A petrostate or oil state is a nation whose economy is heavily dependent on the extraction and export of oil or natural gas. The presence alone of large oil and gas industries does not define a petrostate; countries like Norway, Canada, and the United States are major oil producers but also have diversified economies. Petrostates also have highly concentrated political and economic power, resting in the hands of an elite, as well as unaccountable political institutions which are susceptible to corruption.

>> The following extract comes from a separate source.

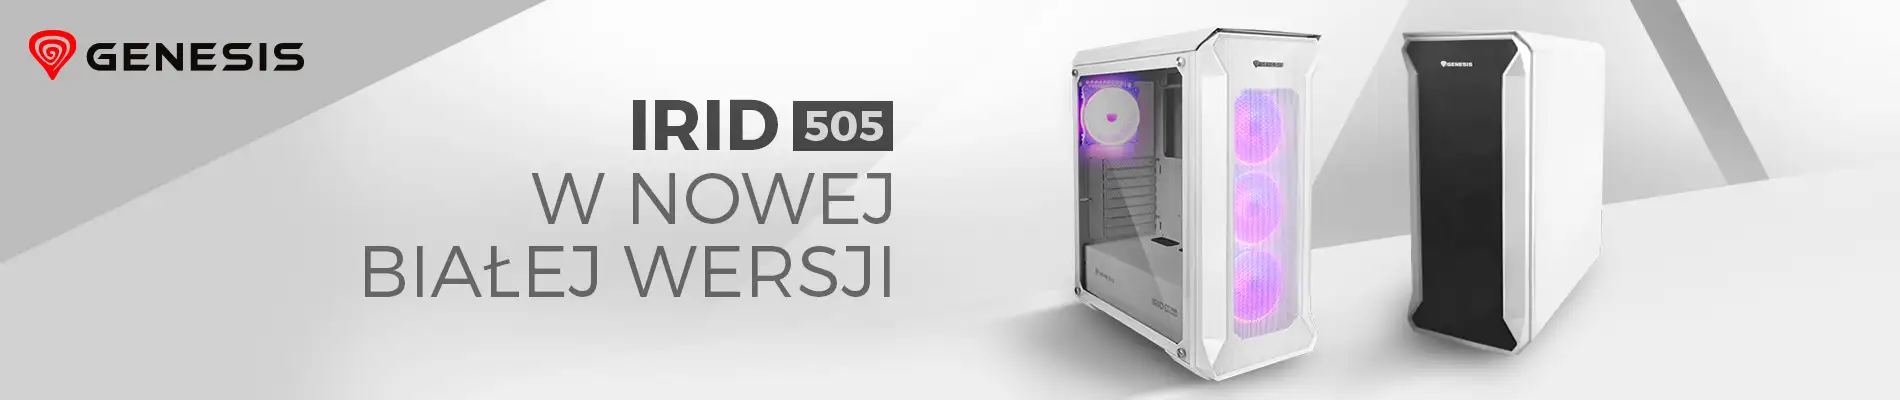 Genesis Irid 505 White Edition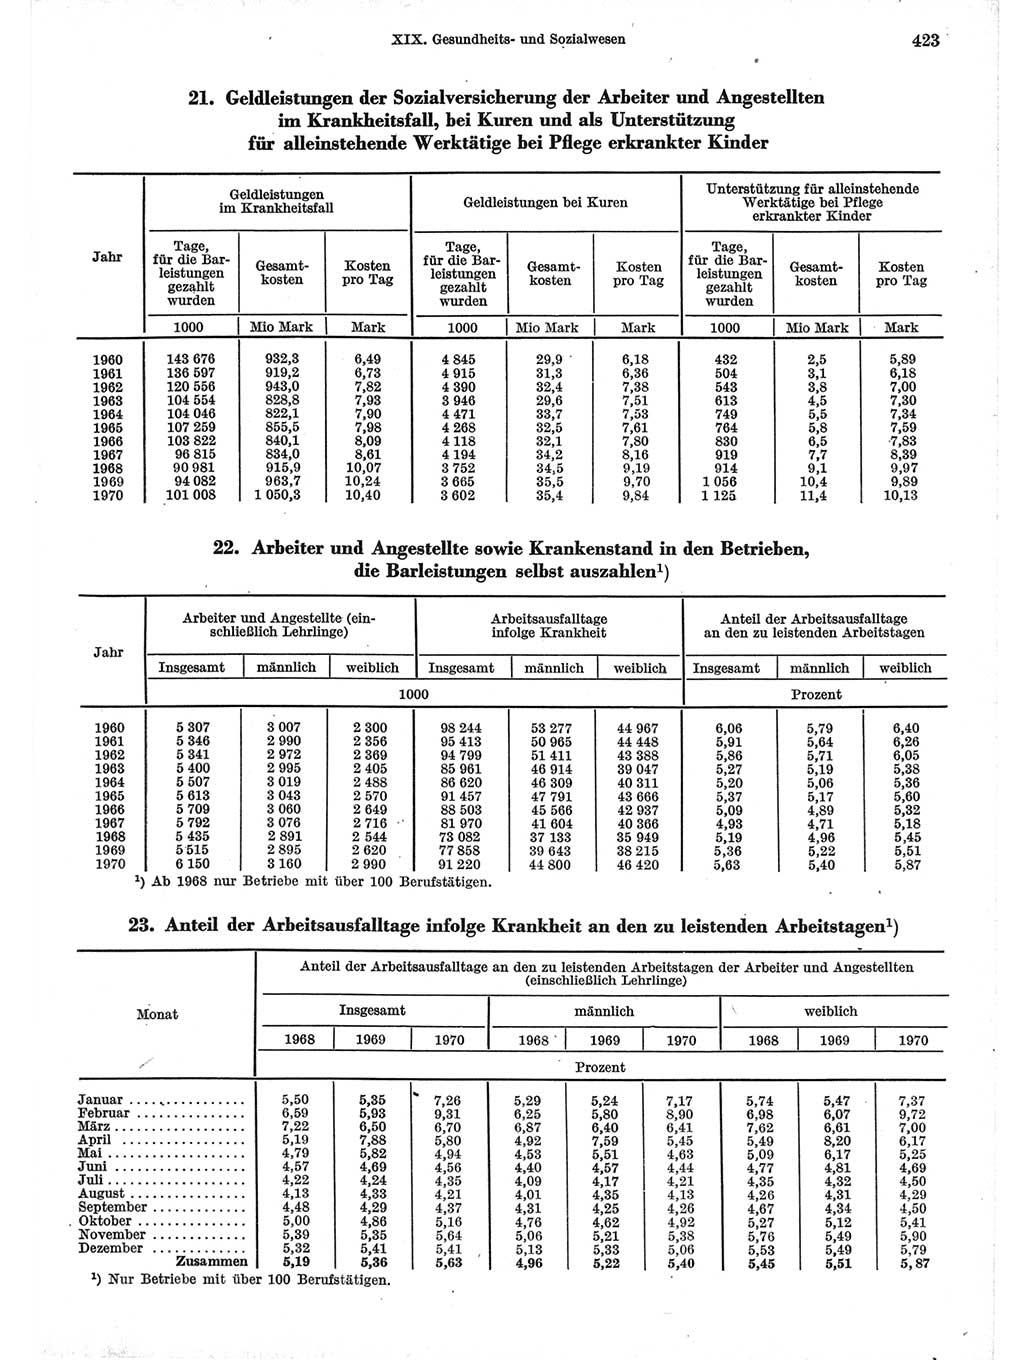 Statistisches Jahrbuch der Deutschen Demokratischen Republik (DDR) 1971, Seite 423 (Stat. Jb. DDR 1971, S. 423)

Countries considered to be petrostates
While the largest oil-producing states are often petrostates, this is not always true. In 2018, for example, the United States (1st) and Canada (5th) were among the top-five oil producing countries, but are not defined as petrostates due to their diverse economies. Various countries have been identified as current or former petrostates:

Economy
Petrostates are typified by weak economies, where products are more frequently imported than domestically produced. Diversification can successfully occur in limited circumstances, such as Mexico becoming part of the North American Free Trade Agreement, or Dubai leveraging its location to become a hub of commerce and tourism. Most petrostates do not attempt economic diversification, instead seeking economic domination through large, state-owned oil companies.

Governance
Petrostates are often operated by autocratic governments. Petrostate citizens are discouraged from developing autonomy by their dependence on the oil revenue of the government. While a majority of wealthy countries (per capita income more than US $25,000) are democracies, some autocratic petrostates have reached the same level of income due to their massive oil revenues. Petrostates may discourage democratization because wealthy autocrats can buy off their citizens via cheap gas and jobs working in state industries. These oil-based states run by autocrats are sometimes called petro-dictatorships.

Social impacts
The reliance on oil and natural gas may preclude the development of other industries, known as Dutch disease. Light industries, including textiles and clothing, are key factors that drive women to participate in the workforce. Petrostates thus often have lower rates of female workers, which can impede women's access to social and political freedoms.

Resource curse
Global energy prices can cause turbulent and unpredictable swings in a petrostate's economy. Undiversified reliance on oil and gas industries can cause political and economic crises when the price of oil drops. Over-investment in these industries at the expense of other sectors, such as manufacturing and agriculture, can hurt economic growth and competitiveness. Petrostates can suffer from the resource curse, meaning that their abundance of natural resources can have detrimental impacts on other parts of the economy, as well as negative social and political impacts.